The stretch from the line with "Corral Women's Red" through the line with "LASTFRAME Small Bi-color" in the records below: write it out exactly, and nothing else.

> **DATA EXTRACTS**:
= Beginning of Section =
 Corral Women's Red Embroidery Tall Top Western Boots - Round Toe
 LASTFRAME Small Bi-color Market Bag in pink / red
= End of Section =
= Beginning of Section =
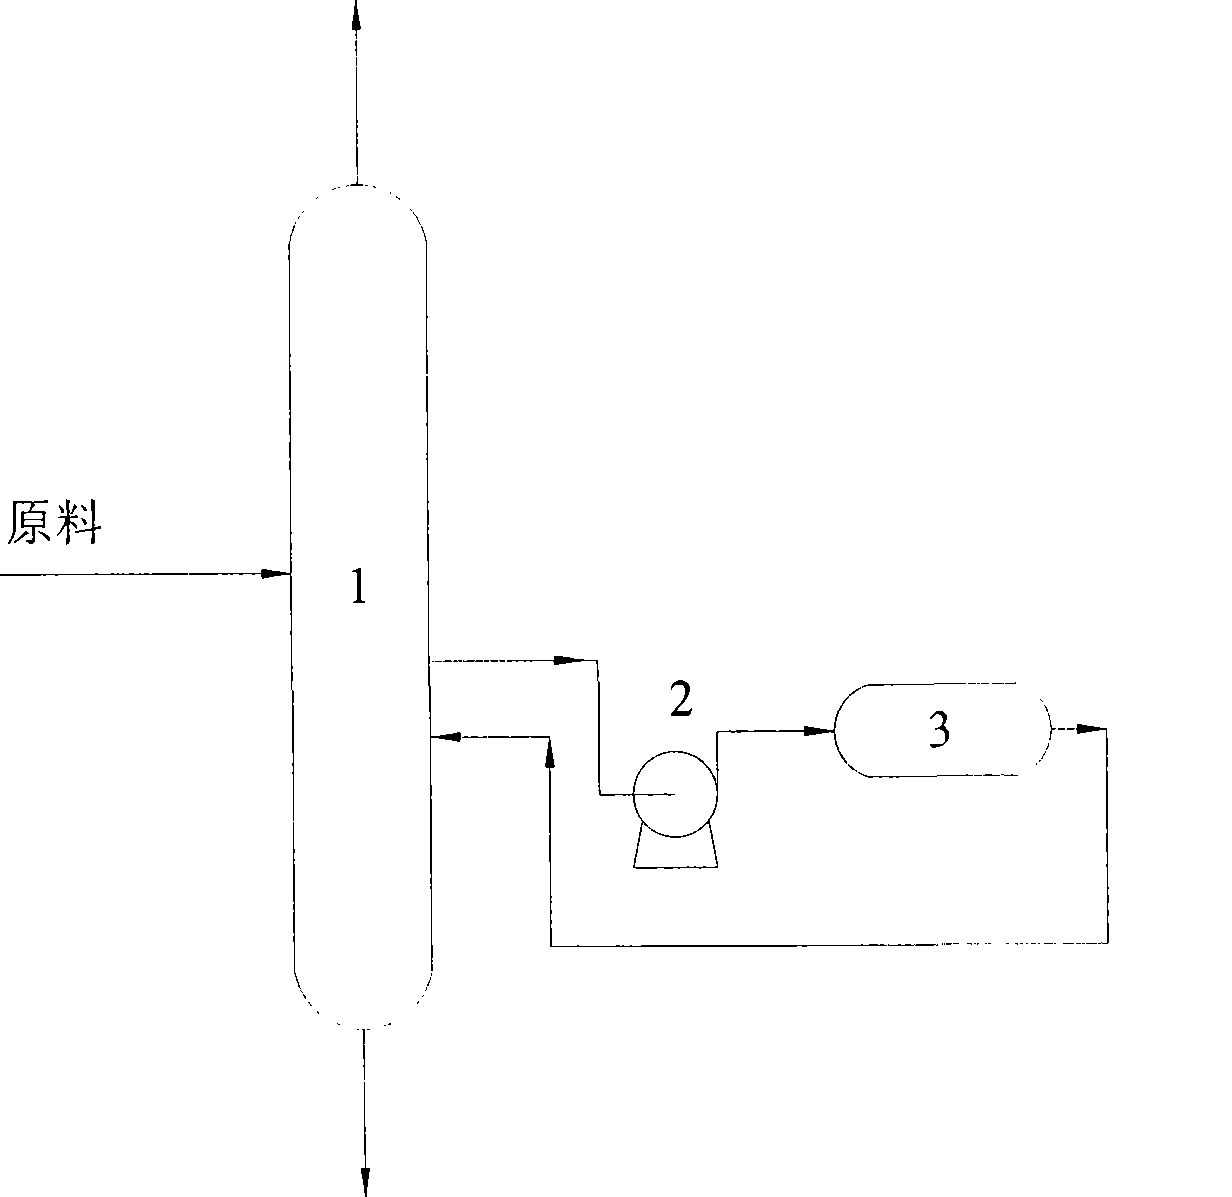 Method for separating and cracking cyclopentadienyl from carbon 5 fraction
= End of Section =
> **WRITTEN ANSWER**:
 Corral Women's Red Embroidery Tall Top Western Boots - Round Toe
 LASTFRAME Small Bi-color Market Bag in pink / red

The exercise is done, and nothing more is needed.